The algorithm constructs a matrix where each cell $(i,j)$ represents the minimum number of operations to transform the first $i$ characters of string $A$ into the first $j$ characters of string $B$. The final value in the bottom-right cell of the matrix is the total Edit Distance. This approach is superior to Hamming distance because it accounts for shifts in character positions caused by additions or removals, rather than just comparing characters at identical indices.

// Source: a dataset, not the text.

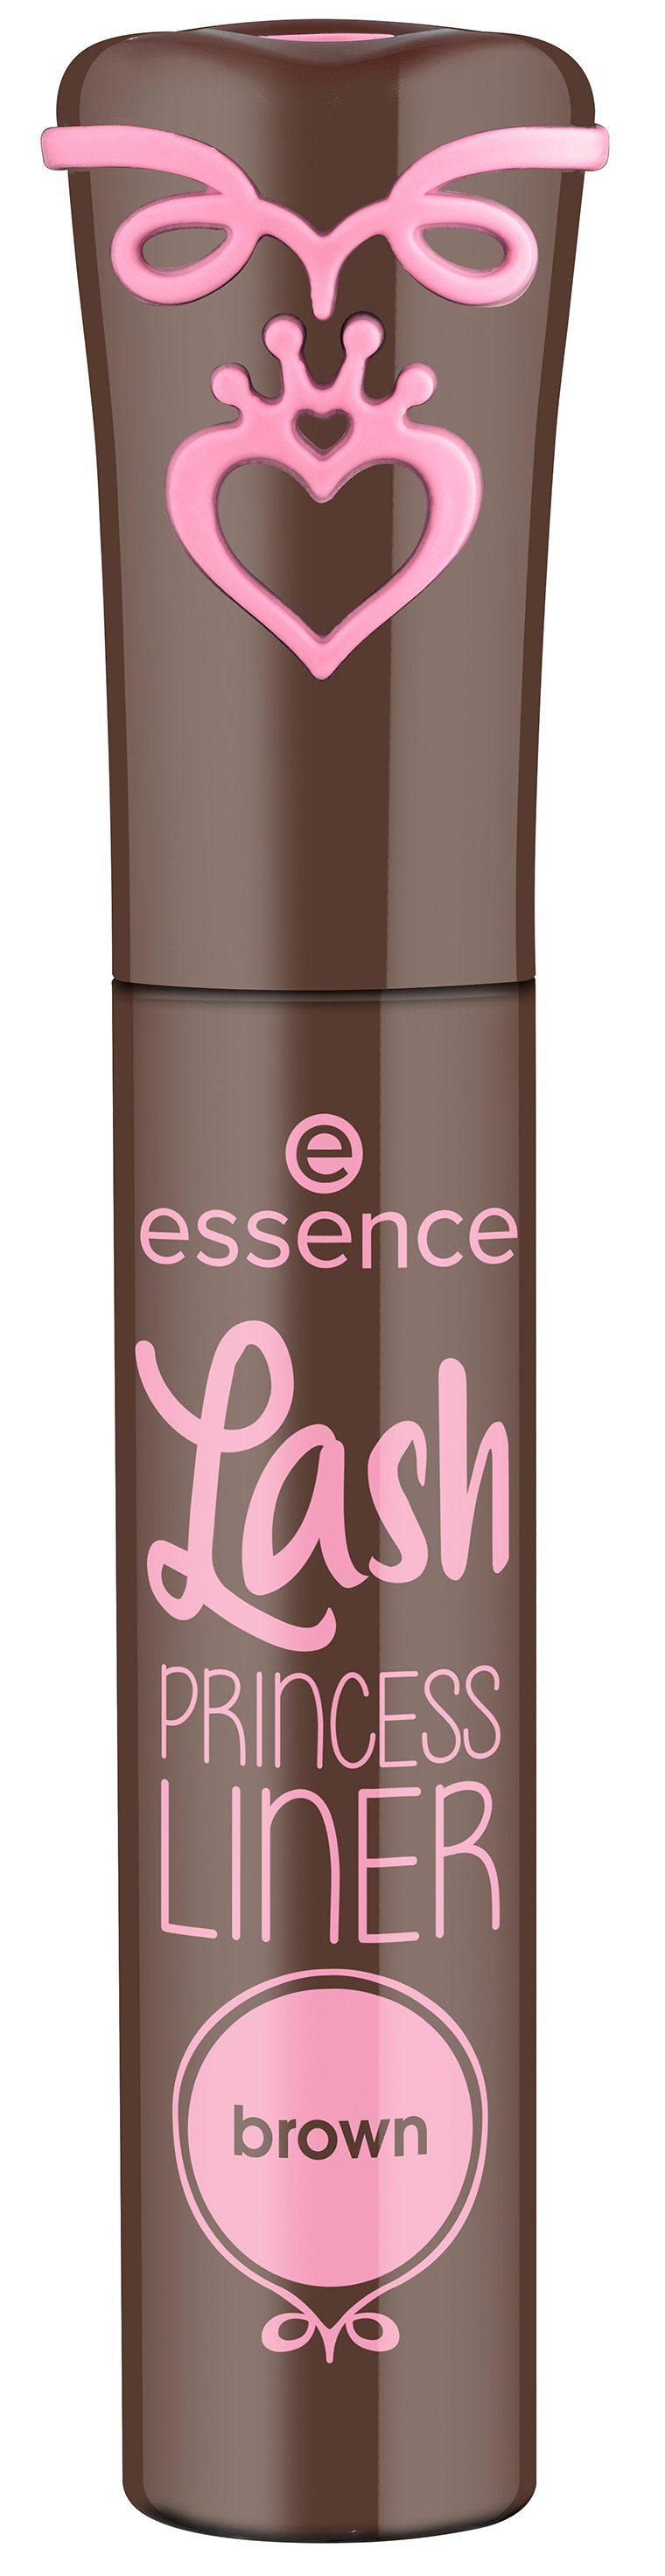 5-tlg. LINER Essence PRINCESS brown, Lash Eyeliner

### Mathematical Structure: Levenshtein Distance

Given two strings $a$ and $b$ of length $|a|$ and $|b|$, respectively, the distance $D_{ij}$ (where $i$ and $j$ are indices of the characters) is defined by the following recurrence:

$$D_{i,j} = \begin{cases} 
\max(i, j) & \text{if } \min(i, j) = 0, \\
\min \begin{cases} 
D_{i-1, j} + 1 & \text{Deletion} \\
D_{i, j-1} + 1 & \text{Insertion} \\
D_{i-1, j-1} + \mathbb{1}_{(a_i \neq b_j)} & \text{Substitution}
\end{cases} & \text{otherwise.}
\end{cases}$$

**Cost of Deletion:**

$D_{i-1, j} + 1$

**Cost of Insertion:** 

$D_{i, j-1} + 1$

**Cost of Substitution:**

$D_{i-1, j-1} + 1_{(a_i \neq b_j)}$

**Indicator Function:**

$1_{(a_i \neq b_j)}$


The following Python algorithm executets the Levenshtein distance algorithm, which expands the Hamming distance concept to handle strings of different lengths by accounting for insertions, deletions, and substitutions.

In [1]:
def edit_distance(s1, s2):
    """Calculates the Levenshtein distance between two strings."""
    if len(s1) < len(s2):
        return edit_distance(s2, s1)
    if len(s2) == 0:
        return len(s1)

    previous_row = range(len(s2) + 1)
    for i, c1 in enumerate(s1):
        current_row = [i + 1]
        for j, c2 in enumerate(s2):
            insertions = previous_row[j + 1] + 1
            deletions = current_row[j] + 1
            substitutions = previous_row[j] + (c1 != c2)
            current_row.append(min(insertions, deletions, substitutions))
        previous_row = current_row
    return previous_row[-1]

# Part 2a: Word Comparisons
# i. “potting” and “putting” -> Score: 1
# ii. “banana” and “bananas” -> Score: 1

# Part 2b: Phrase Comparisons (Character-level Edit Distance)
# i. “two dogs and two cats” to “two cats and two dogs” -> Score: 6
# ii. “two dogs and two cats” to “three dogs and two cats” -> Score: 4

Demonstration of the algorithm's comptetence:

In [3]:
# Running Part 2a examples
print(f"2a (i) 'potting' vs 'putting': {edit_distance('potting', 'putting')}")
print(f"2a (ii) 'banana' vs 'bananas': {edit_distance('banana', 'bananas')}")

# Running Part 2b examples
print(f"2b (i) Phrase swap: {edit_distance('two dogs and two cats', 'two cats and two dogs')}")
print(f"2b (ii) Word change: {edit_distance('two dogs and two cats', 'three dogs and two cats')}")

2a (i) 'potting' vs 'putting': 1
2a (ii) 'banana' vs 'bananas': 1
2b (i) Phrase swap: 6
2b (ii) Word change: 4